PayScale, an online provider of real-time salary data, indicates annual salaries for U.S. home inspectors range from a low of $29,000 to $79,000 on the high end, with a median income of $47,815, or $18.34 per hour. The reality, however, is that it’s difficult to reconcile actual earnings and a pre-inspection rate. Many home inspectors work just part-time. Some have full-time jobs and conduct inspections only on evenings or weekends. Others might be retirees or homemakers who want to supplement their incomes.

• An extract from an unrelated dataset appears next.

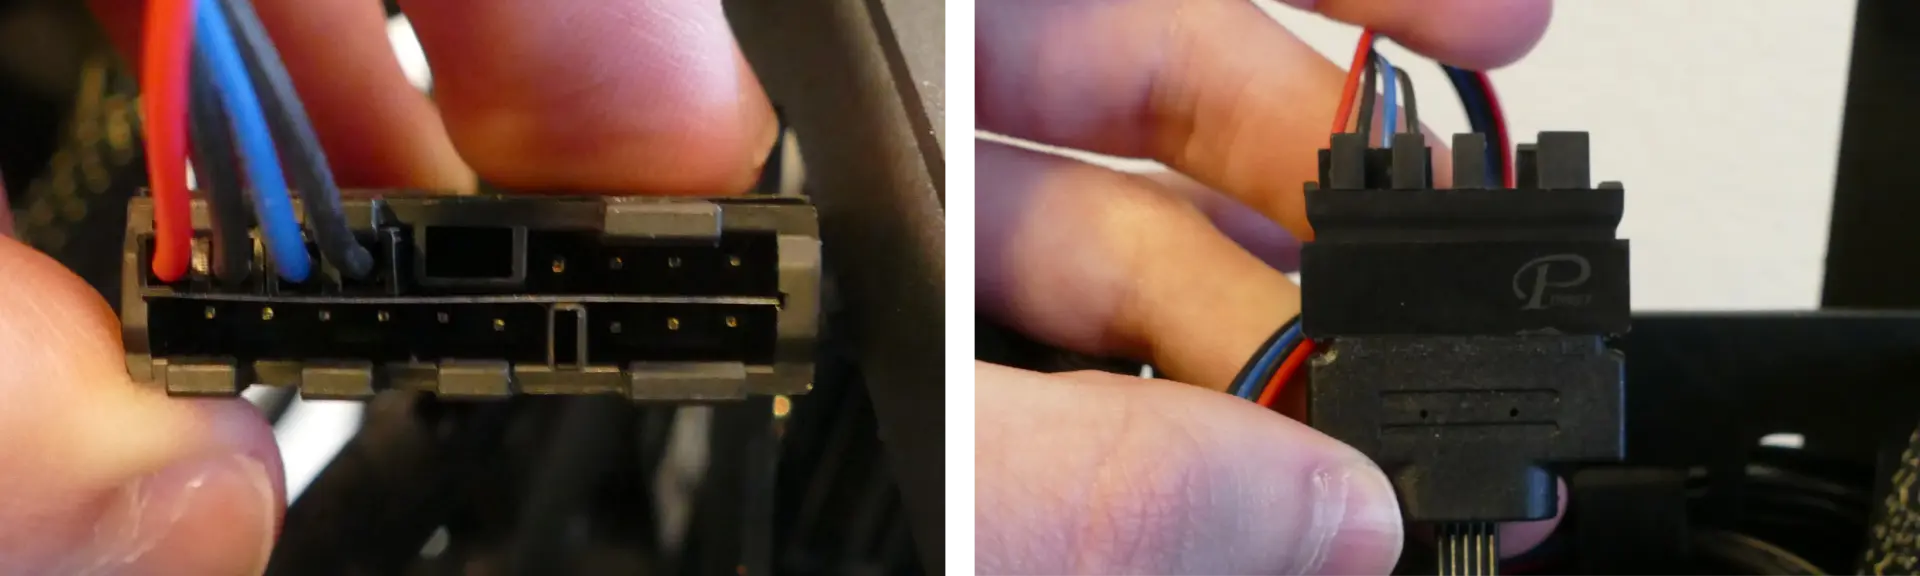 Power button wiring adapter

To increase the income generated by home inspection businesses, some home inspectors are adding additional inspections to the list of services they provide, such as commercial property inspections, thermal imaging and inspecting for mold. Others have taken the training needed to be certified as FEMA disaster inspectors.

FEMA Disaster Inspectors

The Federal Emergency Management Agency, or FEMA, responds to all types of natural disasters throughout the United States and its territories whenever the President declares a location to be a major disaster area. Examples include hurricanes, tornadoes, floods, fires, earthquakes and blizzards. Among FEMA’s duties following a declared disaster is assessing the extent of damages to homes and businesses, which is needed to establish the amount of reimbursement victims will receive.

The government contracts with two outside companies to provide FEMA inspectors for responding to national disasters, which are WSP USA Inspection Services (formerly known as P B Disaster Services) and Vanguard EM. Both have a different method of paying their inspectors.

Vanguard brings inspectors on board as independent contractors rather than hiring them as employees. This means each of their FEMA inspectors is responsible for paying self-employment taxes on his or her Vanguard earnings. There are no taxes withheld on the money they receive from Vanguard, so these inspectors may also need to file quarterly estimated tax payments.

How FEMA Disaster Inspectors Are Paid

Vanguard pays its inspectors for each inspection based on his or her actual field experience. Entry level inspectors who have performed fewer than 500 FEMA inspections are paid $35 for each property. Intermediate level inspectors are those who have conducted between 501 and 2,500 house inspections are paid $39 for each house. Vanguard pays its advanced level FEMA inspectors who have made more than 2,500 inspections $45 per inspection.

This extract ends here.